Pretty awesome love Les Stroud.
8 new shows starts filming in 2 weeks, 2 shows with his 16 year old son
Les Stroud Facebook
6 hours ago
Ok - here it is: IT'S OFFICIAL!!!!!!!! yep - you guessed it - as of a couple of days ago I finally officially signed with the networks .... and in less than two weeks I head out to: FILM BRAND NEW SURVIVORMAN SHOWS!!!!!! heres the technical info: I continue my long standing relationship with Discovery Channel US and The Science Channel US to bring you 8 brand new episodes of Survivorman. In Canada I am venturing into an exciting new relationship with Blue Ant Media's Travel and Escape channel an I am really looking forward to a network full of passionate and exciting and talented people geared to making great documentary TV! Around the rest of the world I am hopeful that my already existing partners will continue to jump on board so that my friends in places like Europe, Australia, South America, Asia and further beyond can continue to enjoy the exploits of the Survivorman series. Now heres some very cool info - for two of the episodes I will definitely be taking my 16 year old son Logan out with me!! Now what i can tell you is that he is better at playing Call of Duty than he is at getting a fire going so it is going to make for some intense times when his rude awakening occurs after two days without food in the middle of the woods! As for locations - only one has actually been confirmed at this point and I know that Web Girl wants to get another contest going so that you can guess the locations for Survivorman swag. As for the format of the shows - I will continue with the core essence of what it takes to make a Survivorman show - ten days completely alone in some of the most beautiful yet harsh and remote places on the planet. I can only hope that you all will continue to take these journeys with me. I think you can expect them to make it to air by the end of this year!! Well, nothing left to do now but get out there!!!!......L
Pretty awesome love Les Stroud.
I love the shows, and oddly my kids love them too. Its like one of the only few shows they will watch with me.
Not to completely derail the Survivorman thread, but if you're into the survival shows, check out Naked Castaway on discovery. 3 episodes spanning 60 days of a guy getting dropped on a tropical island - with absolutely nothing.
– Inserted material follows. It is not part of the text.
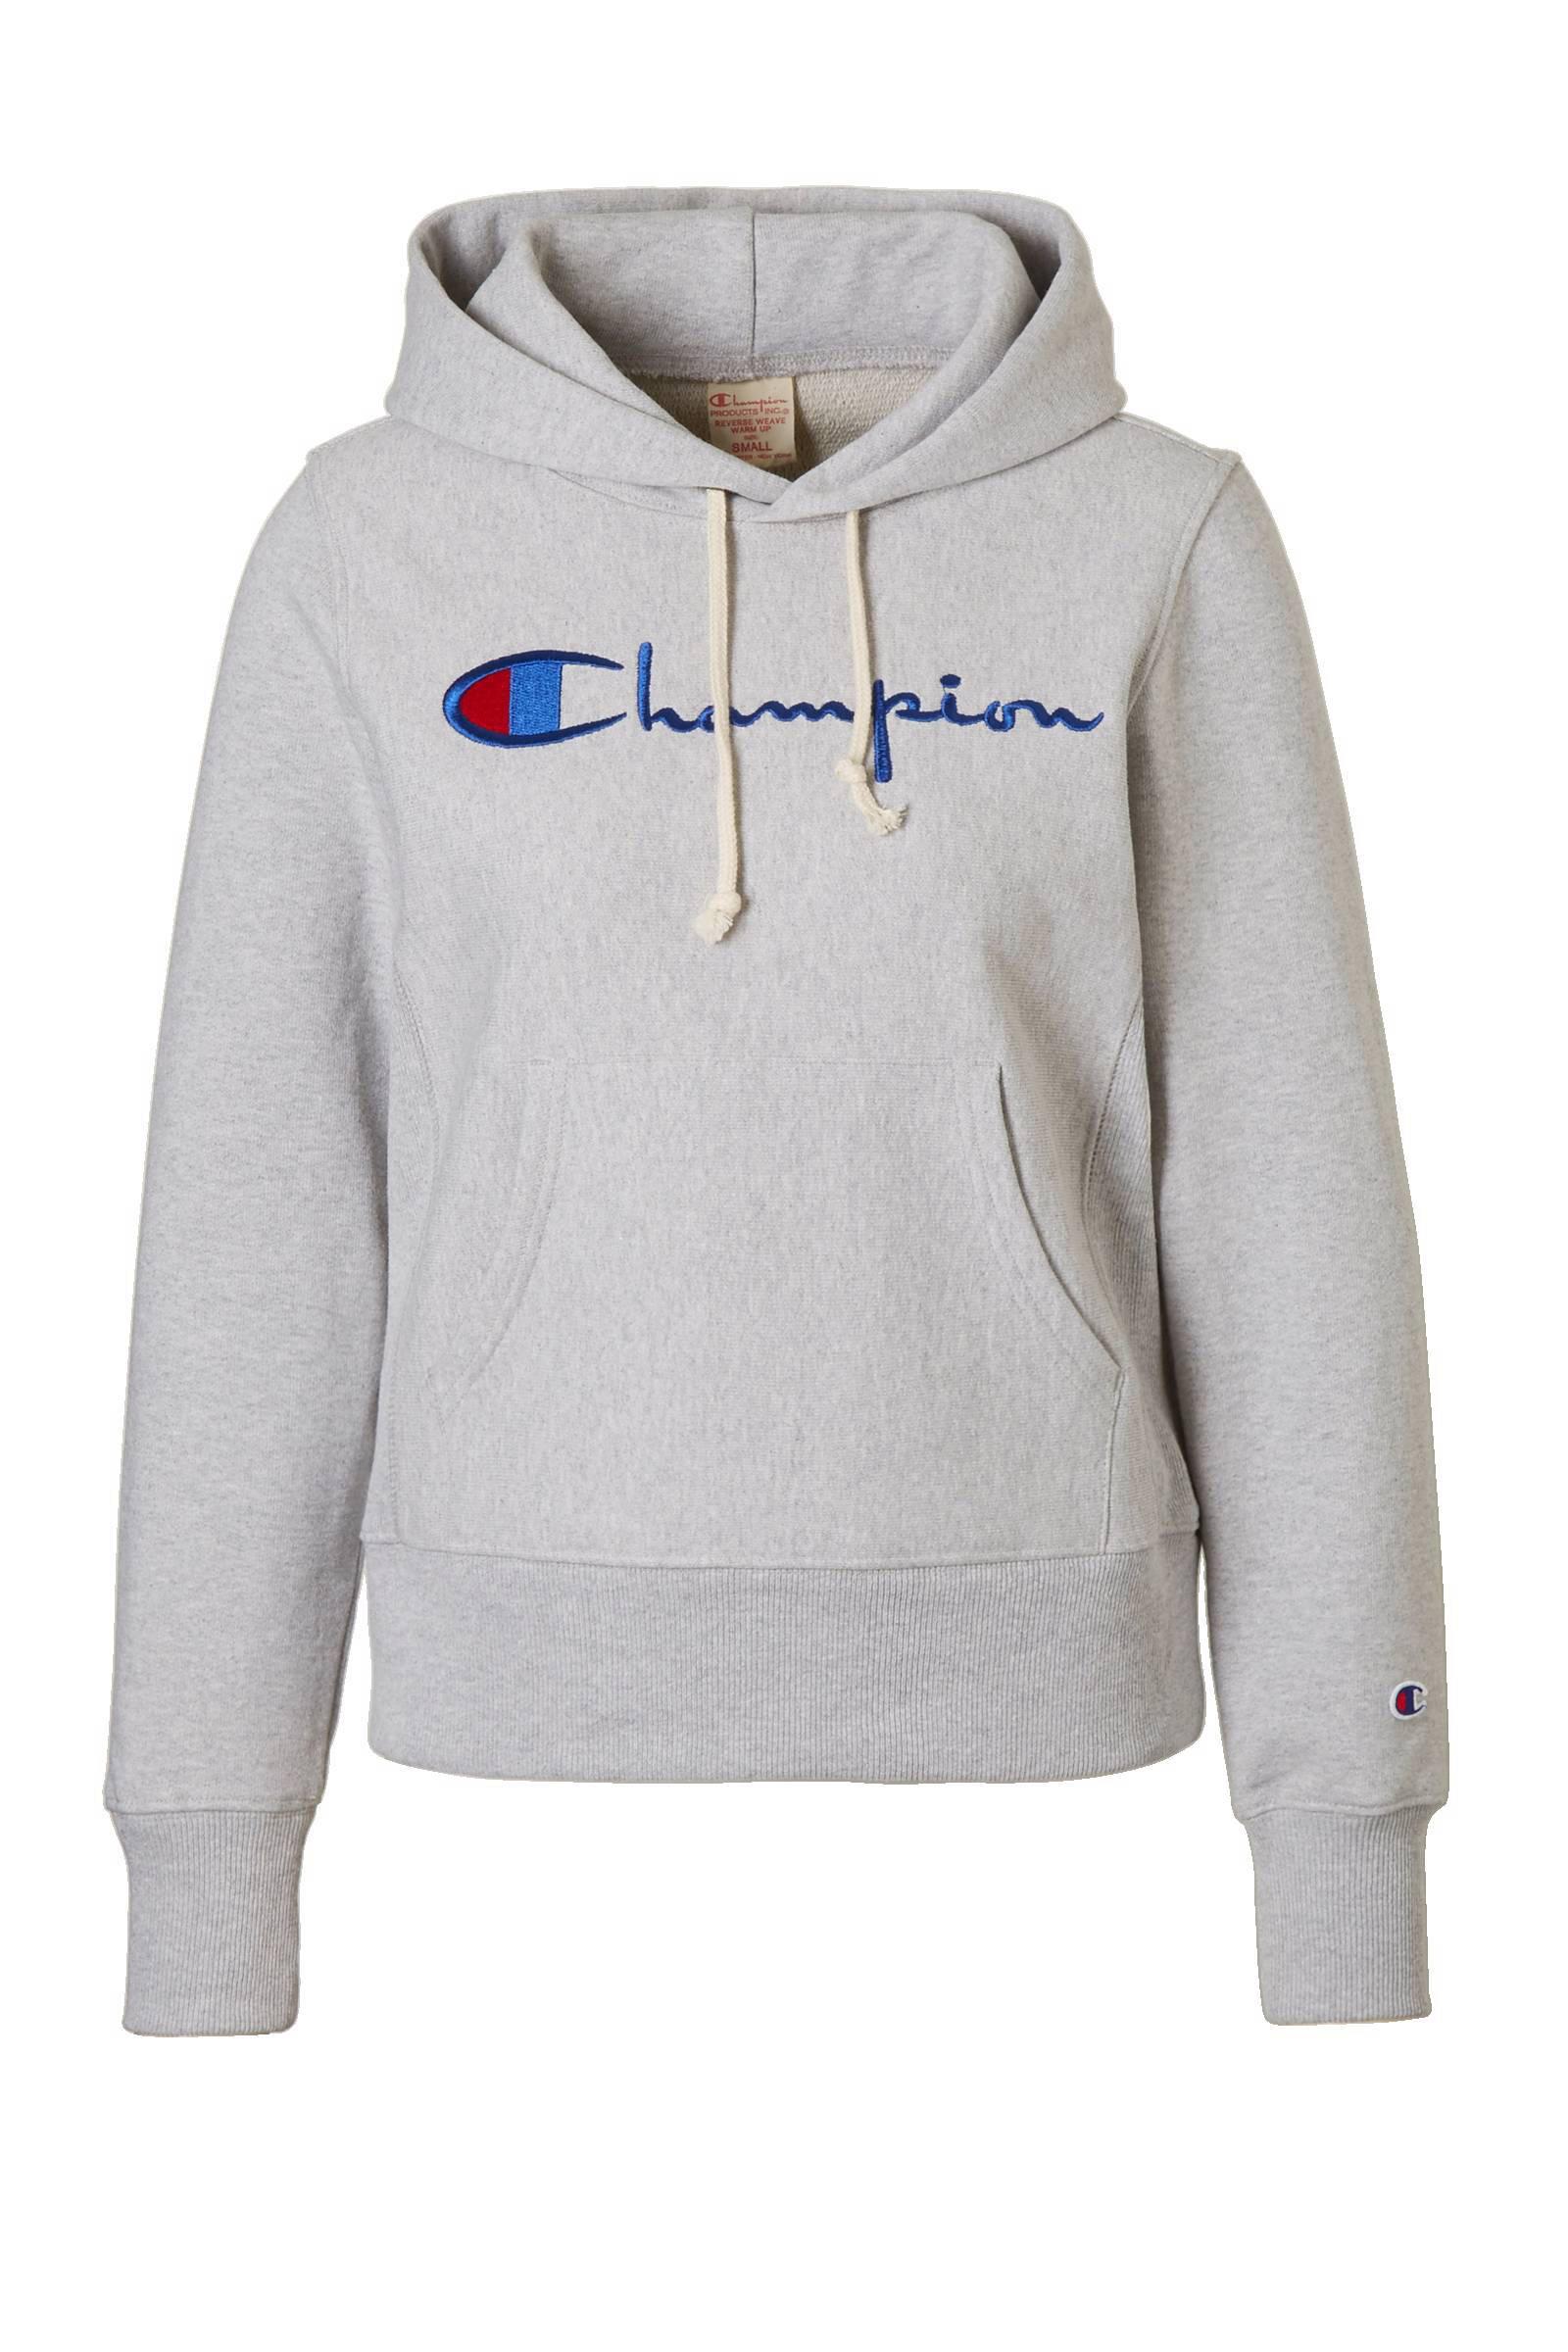 Champion sweater | wehkamp

All 3 will be on again on Sunday, well worth a watch to see a guy go from total caveman shit to self sufficiency in the span of 2 months.
I fucking love survival shows. Always have one playing from Netflix if i need some background noise. And ya, Les Stroud is the best among them.
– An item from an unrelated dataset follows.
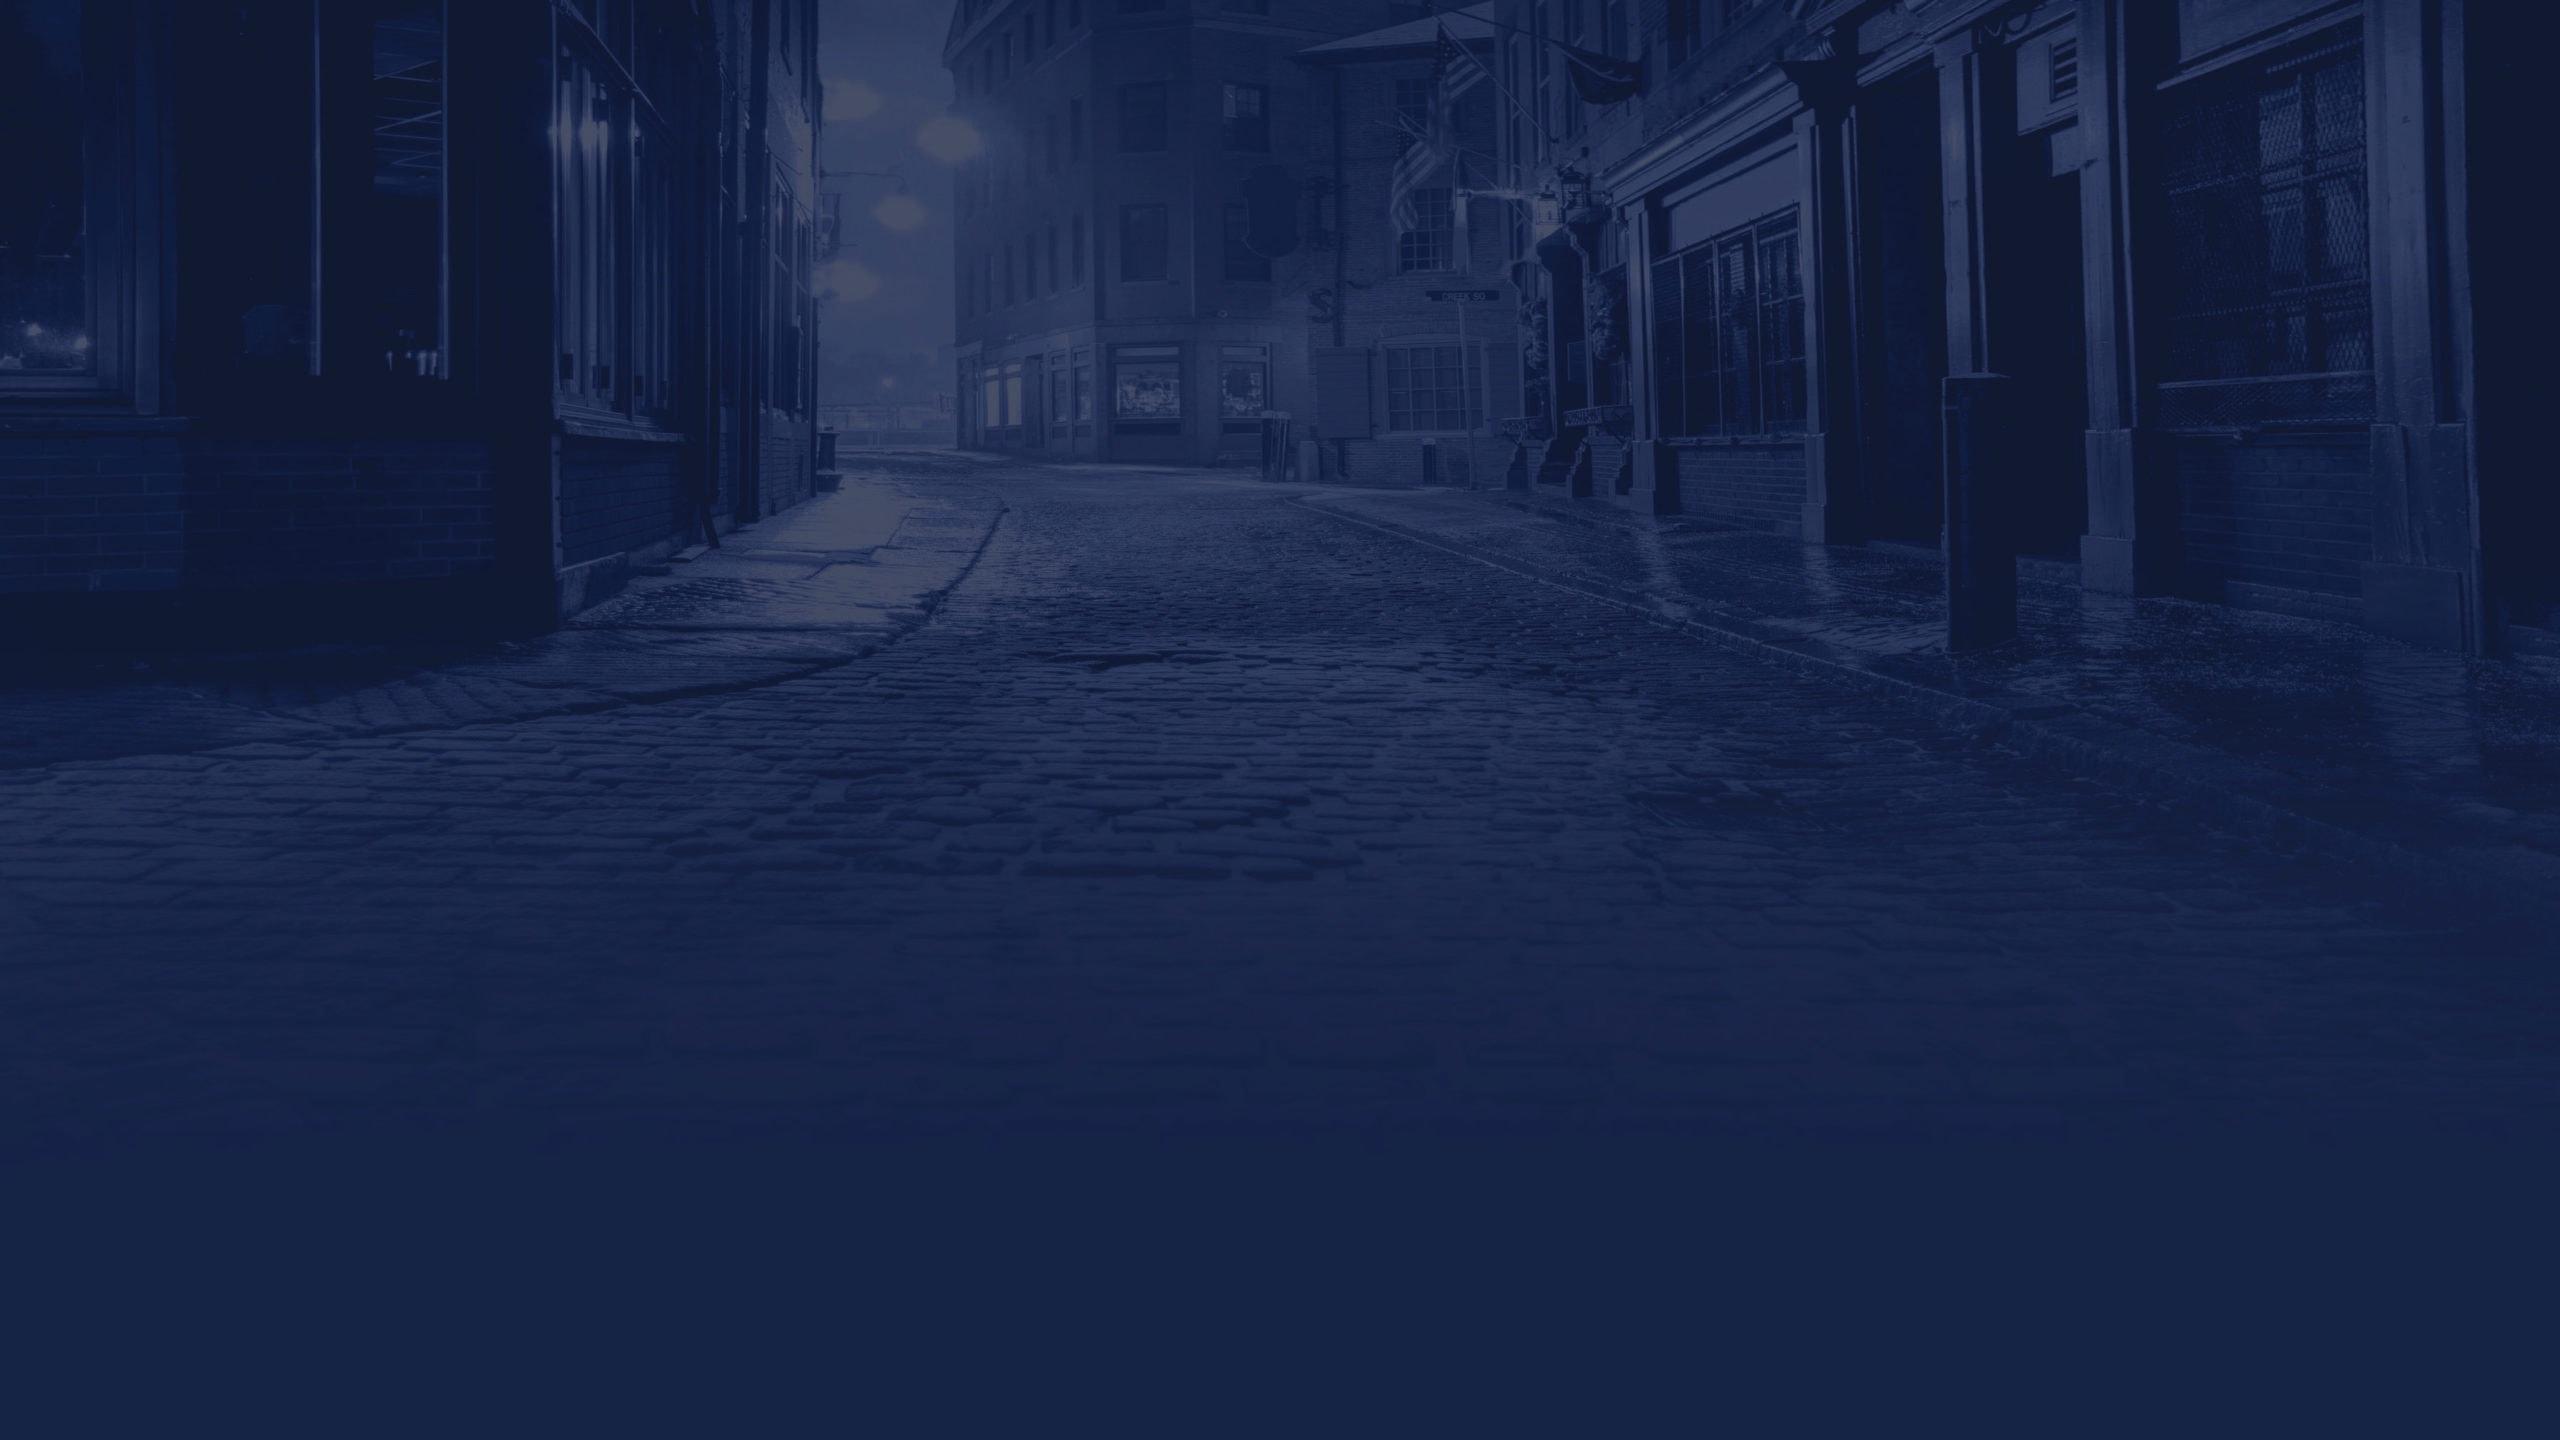 cobblestone walking area in blue

You guys might check out Ray Mears' stuff too if you're into survival shows. A his stuff varies depending on the show but he does a lot of survival/bushcraft/story/history/food/animal stuff. It can be pretty slow if you're used to Bear Grylls speed but a lot more educational.
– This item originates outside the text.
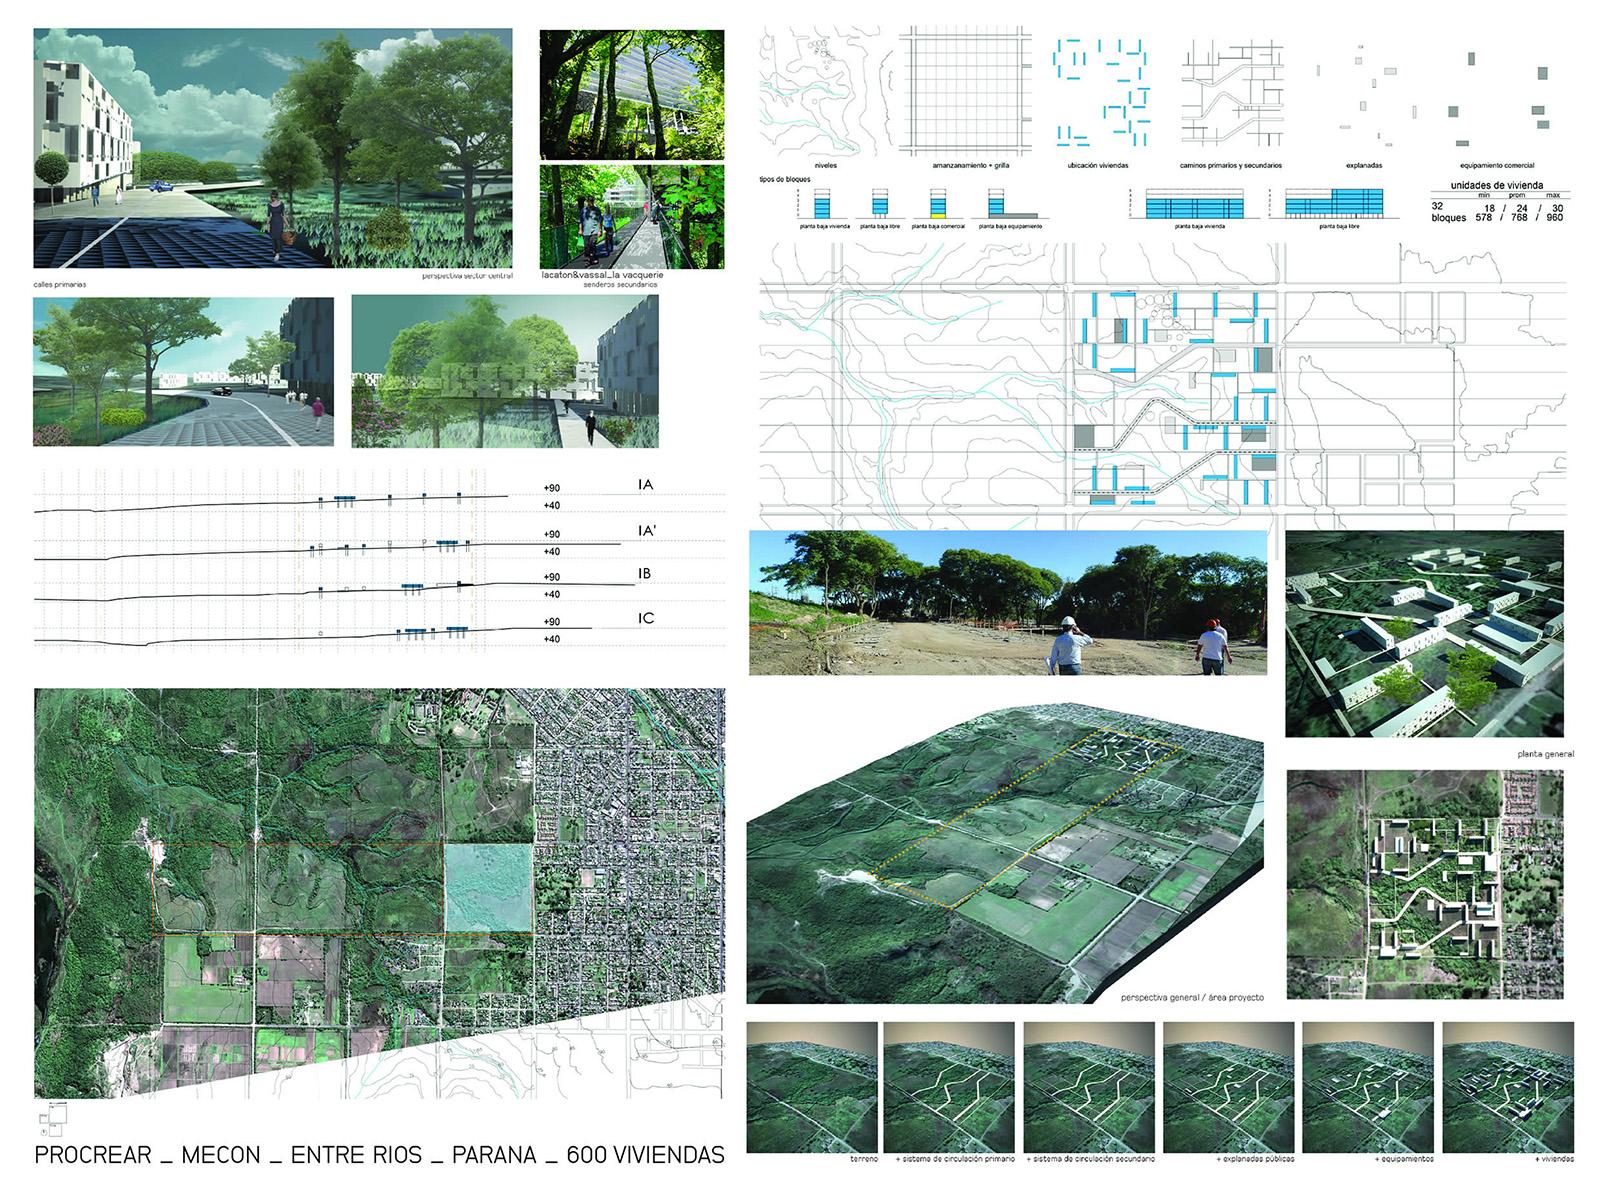 procrear_graficos_10_parana-01-01

You can get all 3 episodes under the shows alternate name, 'Naked And Marooned With Ed Stafford'.
its been replaying all night tonight. the naked castaway show. its a good show, dude looked like he was starting to lose his shit at the end. so was he really alone on the island or did that goat get a little help getting its head trapped?
My rival is coming back on the air? Better drink my own piss.
And you're right, he should probably have just died out there. That would have made for much better TV.
This dude walked the length of the Amazon river. Bear Grylls sleeps in a fucking hotel. Have some perspective.
Last edited by Kirun; 05-06-2013 at 03:43 AM.
Every single guy you see doing this kind of shit has a safety crew not far away from them, and every single one of them (Stroud included) have called upon said safety crew multiple times in the course of their job. They're out there for a reason, and it's not to fucking die making a stupid TV show.
Yeah, you're right, having a medic come out to straighten out your fucked up stomach on day 45 completely ruined the whole thing.
You've convinced me.
you dont want to see the true mental collapse of someone completely alone either. if you do, just pop in Grizzly Man and watch that crazy mofo start treating 10 foot tall killer bears like they are his buddies.
Not to be a dick but Treadwell was simply a retard who spent the summer months camping alone(somtimes not) with bears. He didn't have the stress of an actual survival situation to deal with. I can't imagine loosing your shit in 2 months unless you're a total needy limpdick person. Alexander Selkirk did that shit for like four years like a boss.